The EUR/USD pair closed the day a handful of pips above a fresh weekly low of 1.0534

EUR/USD

The EUR/USD pair closed the day a handful of pips above a fresh weekly low of 1.0534, achieved early US session. There were no major news in the EU, with the greenback trading marginally higher during the first half of the day, as cautious prevailed ahead of the ECB and the US NFP report. Still, the release of the US ADP survey fueled dollar's advance as the report showed that the private sector added 298K new jobs during February, largely surpassing expectations of 190K new jobs. Also, previous month figure suffered an upward revision, to 261K from previous 246K.

This Thursday, the ECB will have a monetary policy meeting, and while the Central Bank is largely expected to keep its bond buying program and rates at current levels, it's also expected to upgrade its growth and inflation forecast, and offer a more optimistic statement.
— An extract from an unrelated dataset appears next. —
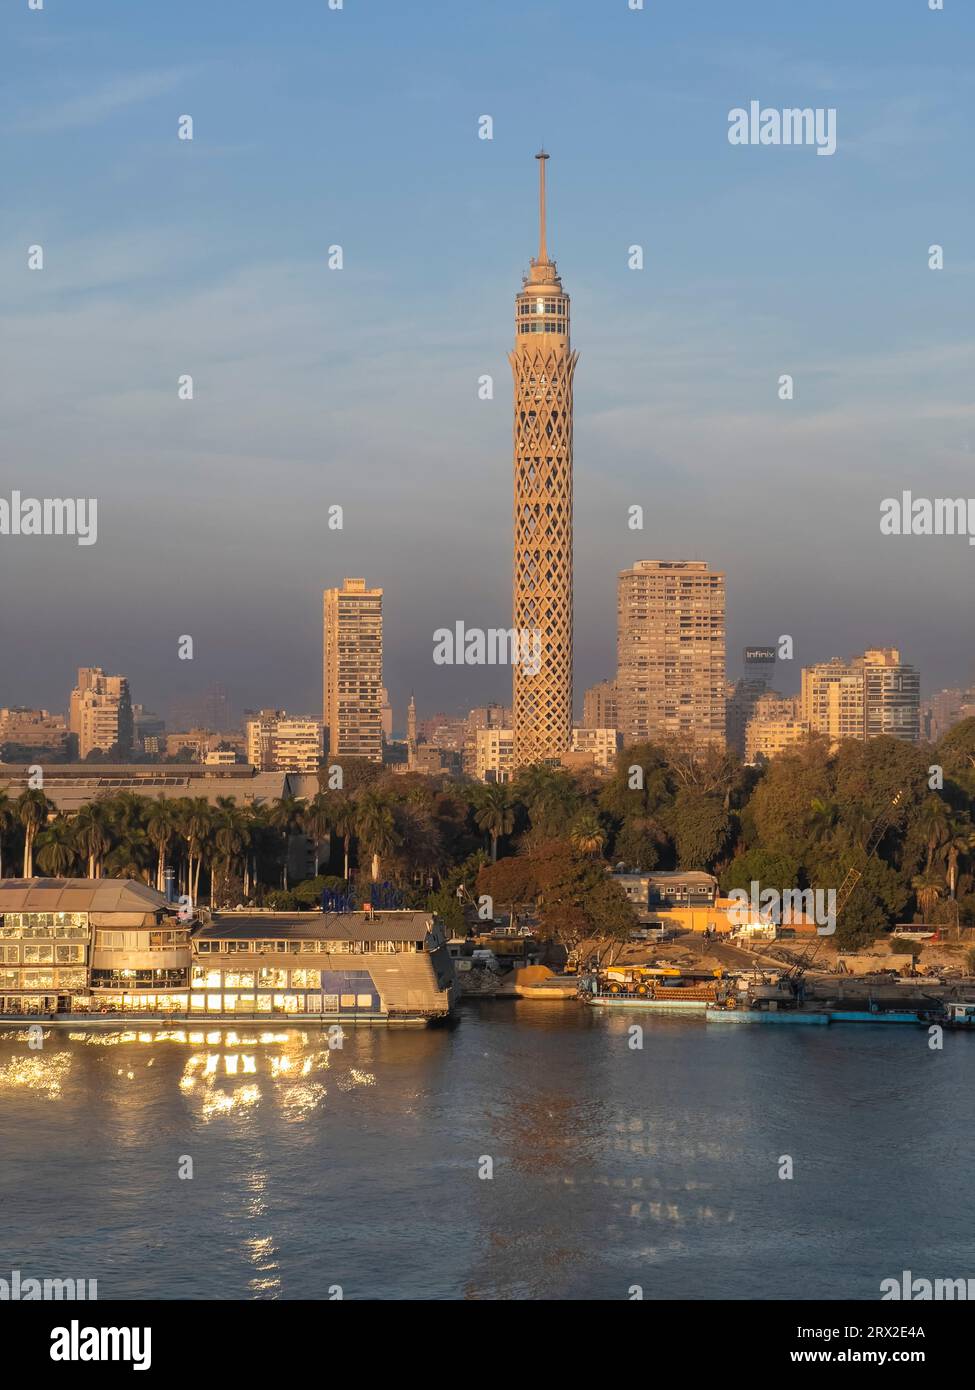 La Torre del Cairo, la struttura più alta dell'Egitto e del Nord Africa, che si innalza per 187 metri, il Nilo, il Cairo, l'Egitto, nord Africa, Africa Foto Stock

That could be enough to trigger an intraday recovery for the common currency, but unless Draghi announces the intention of rising rates from current negative levels, or tightening the easing programs, euro gains will likely be short-lived, should it gain on hawkish words. 

From a technical point of view, the risk is clearly towards the downside, as in the 4 hours chart the price stands comfortable below 1.0565, a major Fibonacci resistance, while the 20 SMA has lost its bullish strength, now turning lower and converging with the 100 SMA in the 1.0590 region. Also, the Momentum indicator in the mentioned chart turned flat within negative territory, whilst the RSI indicator continues heading lower, reaching fresh 2-week lows at 40. Much of Thursday's direction will depend on Draghi's announcements, but in the case of a sudden recovery, the most that the pair can advance is up to 1.0700/20, where selling interest is aligned. 

Support levels: 1.0520 1.0490 1.0440

Resistance levels: 1.0565 1.0600 1.0635 

USD/JPY

The USD/JPY pair advanced up to 114.74 this Wednesday, paring gains at the so far monthly high, to settle around 114.50 at the end of the day, unable to confirm a break of a major Fibonacci resistance. The advance took place ahead of the release of the US ADP report, with many suspecting some leak in the middle. Nevertheless, the private employment survey fueled the pair's advance, also underpinned by a sharp recovery in US Treasury yields. The rate-sensitive 2-year yield jumped to 1.36%, its highest since August 2009, on speculation the upcoming US Nonfarm Payroll report will be strong enough to back a Fed's hike as soon as next week. The pair could extend its consolidation around current levels during the next session, ahead of the ECB meeting and the US employment report, this last, with more chances of affecting it. The price is hovering around the 23.6% retracement of the late 2016 rally, having been unable to settle above it since late January. In the 4 hours chart, the price is well above its moving averages that anyway remain directionless, whilst technical indicators are retreating modestly within positive territory, not enough to suggest an upcoming downward move. At this point, the pair needs to extend beyond 114.95, February 15th high to confirm additional gains ahead. 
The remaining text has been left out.